Before Zillow's meltdown, national iBuyer market share surged to another all-time high, blowing past all previous records by a wide margin. In Q3 2021, iBuyers accounted for 1.6 percent of all homes purchased in the U.S. That's around 28,000 homes, nearly double the 15,000 homes purchased by iBuyers in Q2.

 
 

The situation will certainly change with Zillow exiting the market and seasonality kicking in during Q4 2021. But for the time being, iBuyers have never been bigger, and Opendoor is now left as the undisputed category leader.
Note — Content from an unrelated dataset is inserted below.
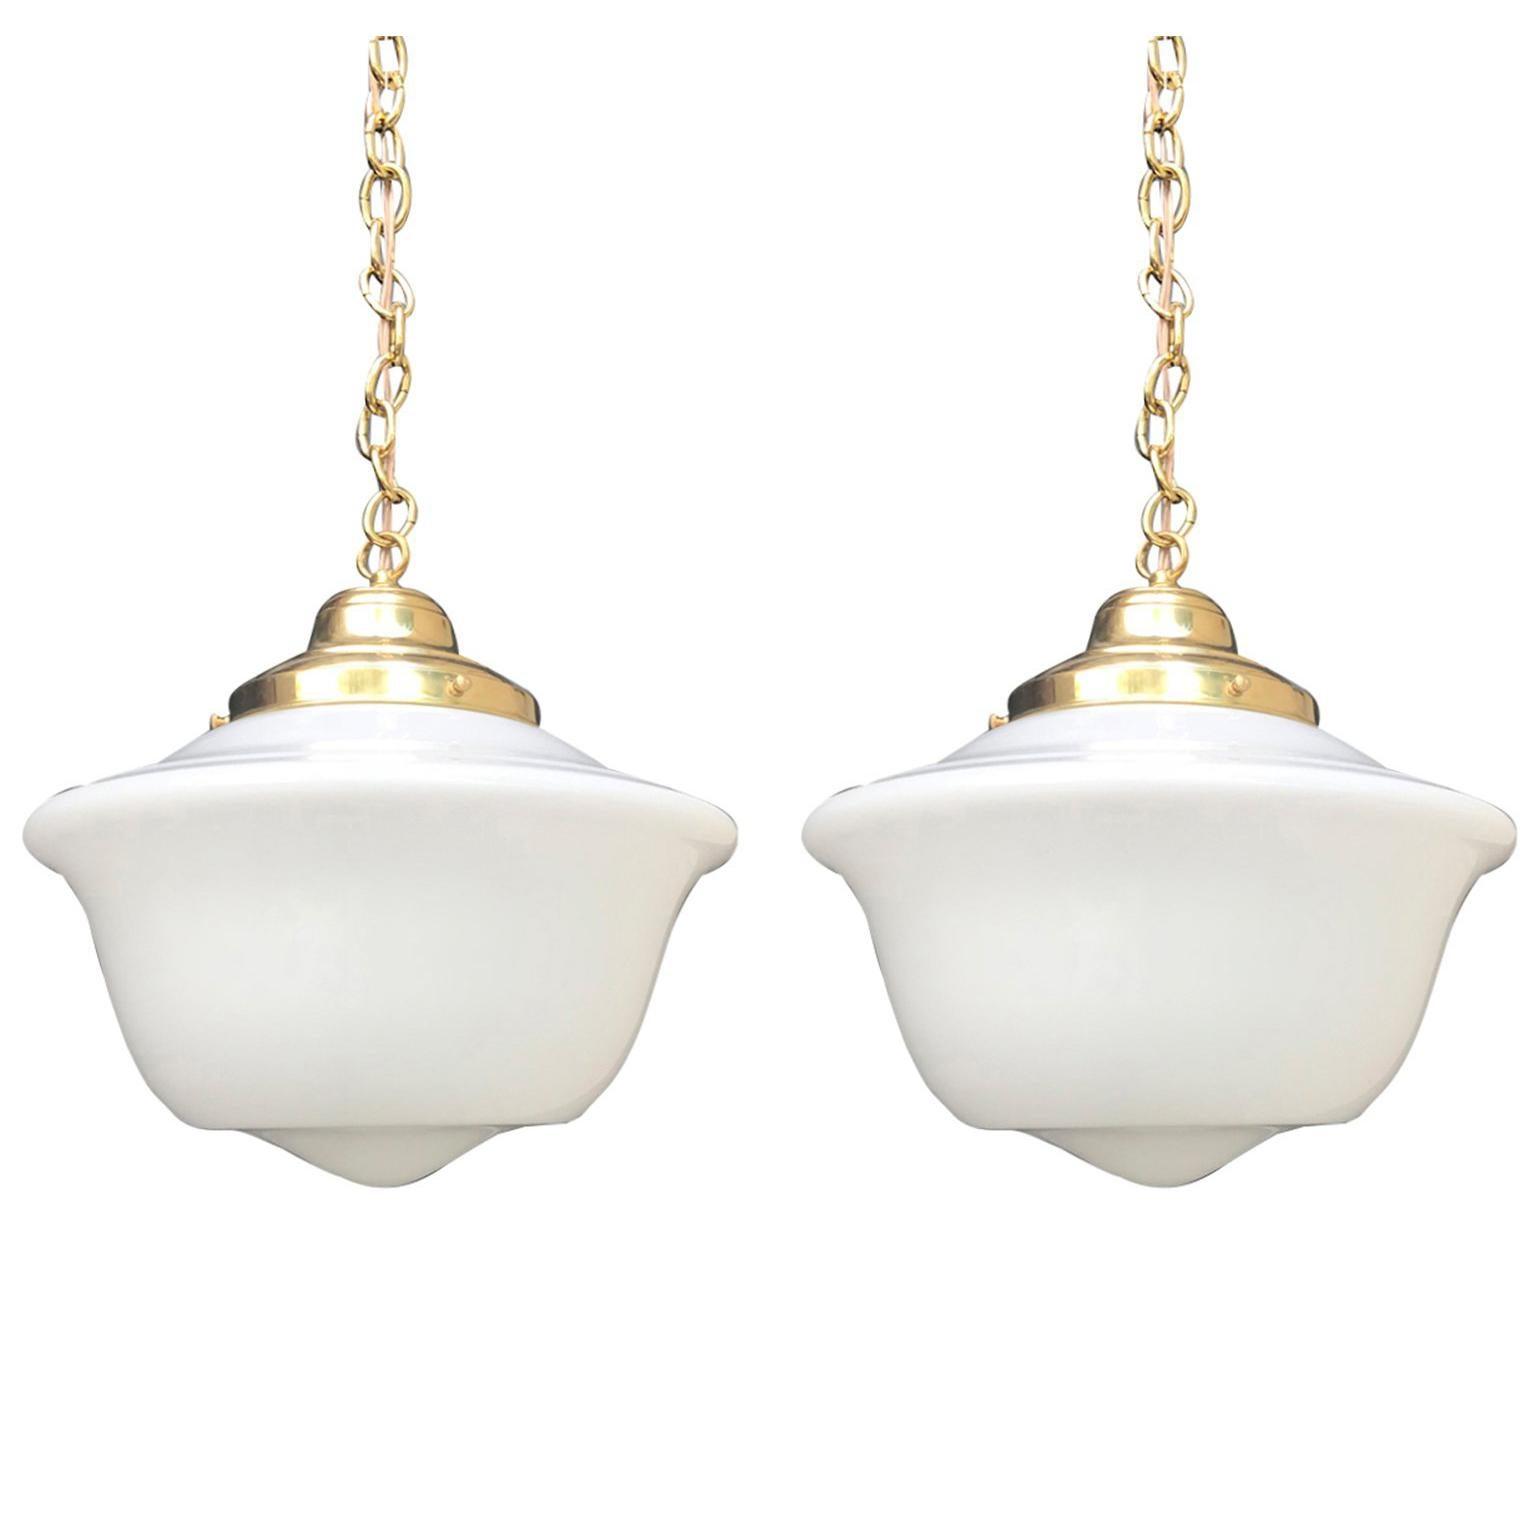 Pair of 20th Century American Milk Glass Pendant & Brass Hanging Light Fixtures
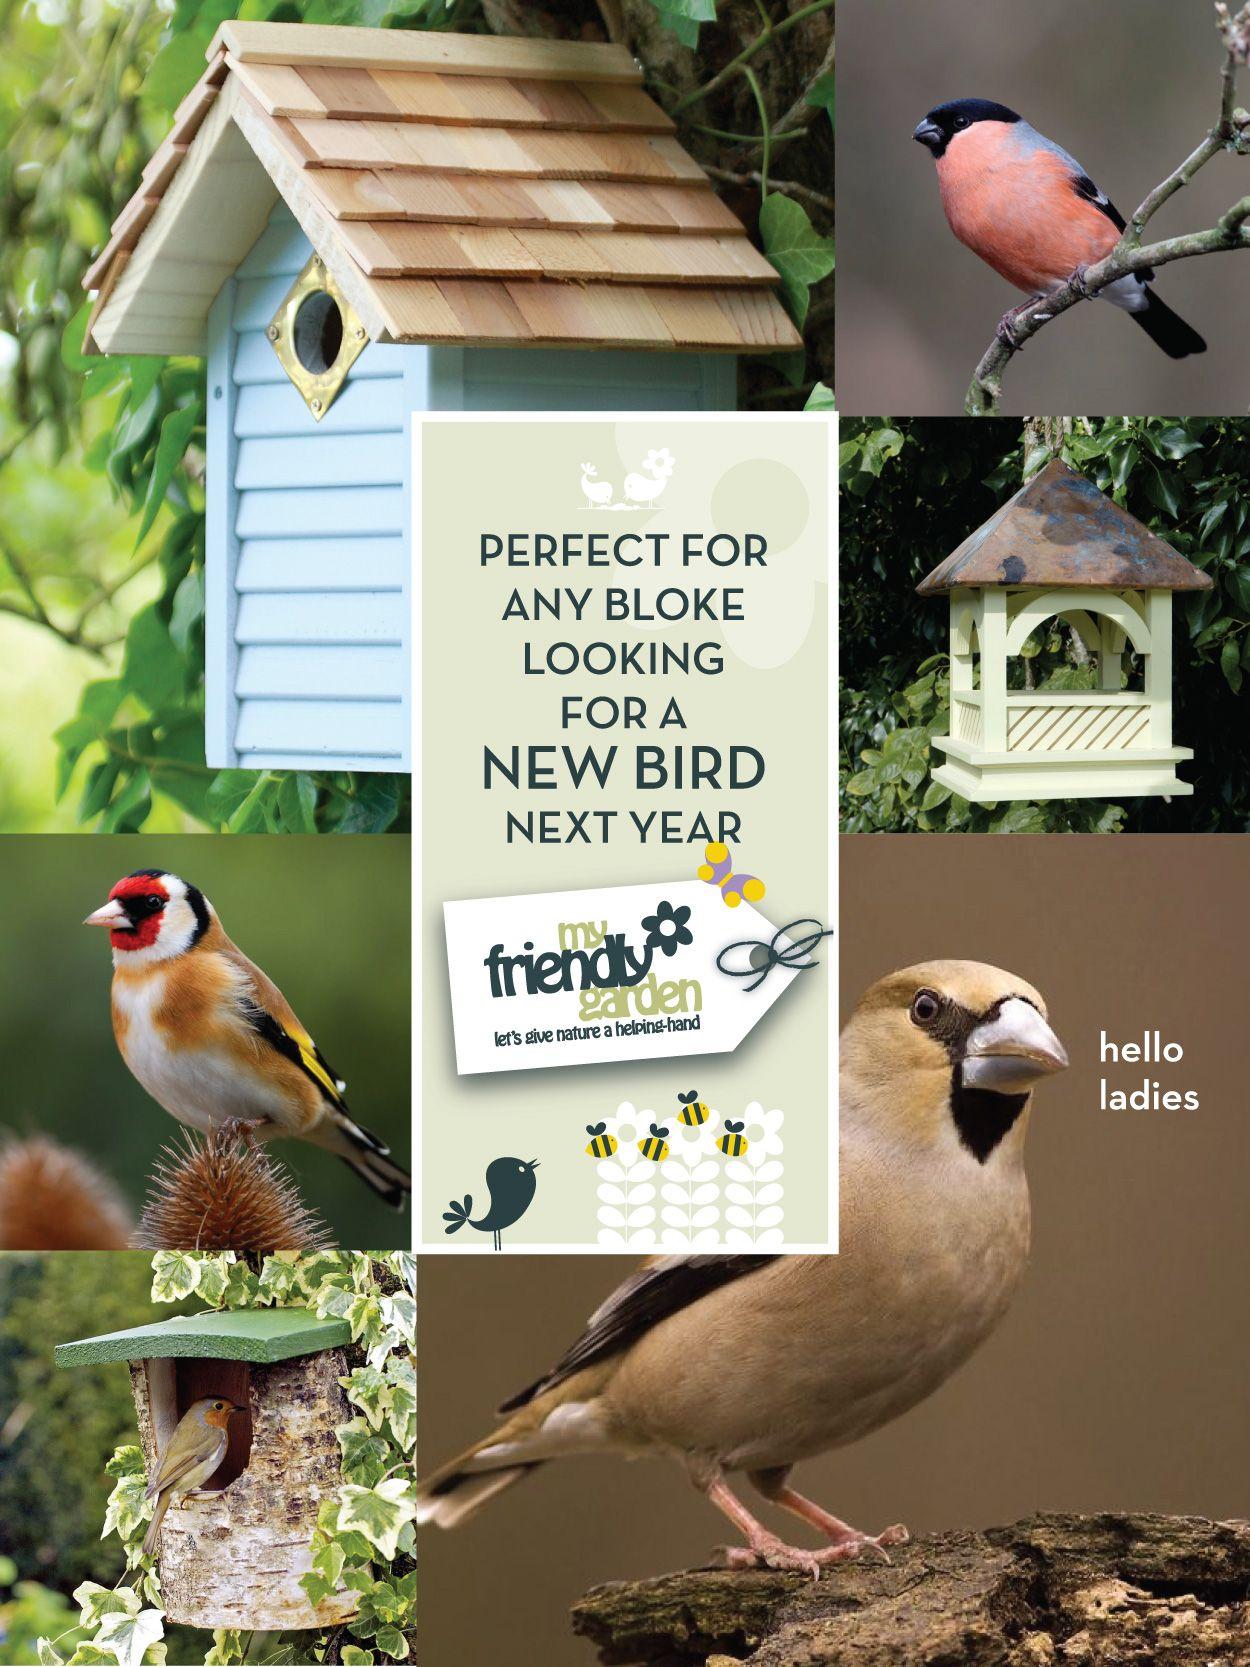 Birdwatching dating sites

Also noteworthy: iBuyer Market share in Phoenix, the largest iBuyer market, peaked to a new high of 10.8 percent. This is the first time iBuyers have exceeded 10 percent market share in a major market -- a significant, if temporary, achievement.

 
 

Opendoor's Earnings: Painfully Normal

Both Opendoor and Zillow scaled their iBuying operations tremendously in Q3, but while Zillow's business spectacularly imploded, Opendoor demonstrated critical economies of scale. As it grows, its net loss per home is improving.

 
 

These charts show net profit/loss based on simple math: total net profit/loss for the business divided by the number of houses sold (excluding stock-based compensation expense). The result is a benchmark of business model efficiency.

While Opendoor and Offerpad improved their net profit/loss in 2021 (benefiting from record home price appreciation), Zillow's just got worse (and that's excluding the $304M inventory writedown) -- another reason Zillow Offers just wasn't working out.

 
 

As it scales, Opendoor's revenue (and gross profits) are increasing faster than fixed and variable costs. That's a positive sign, and something critically important to Opendoor's growth and profitability narrative.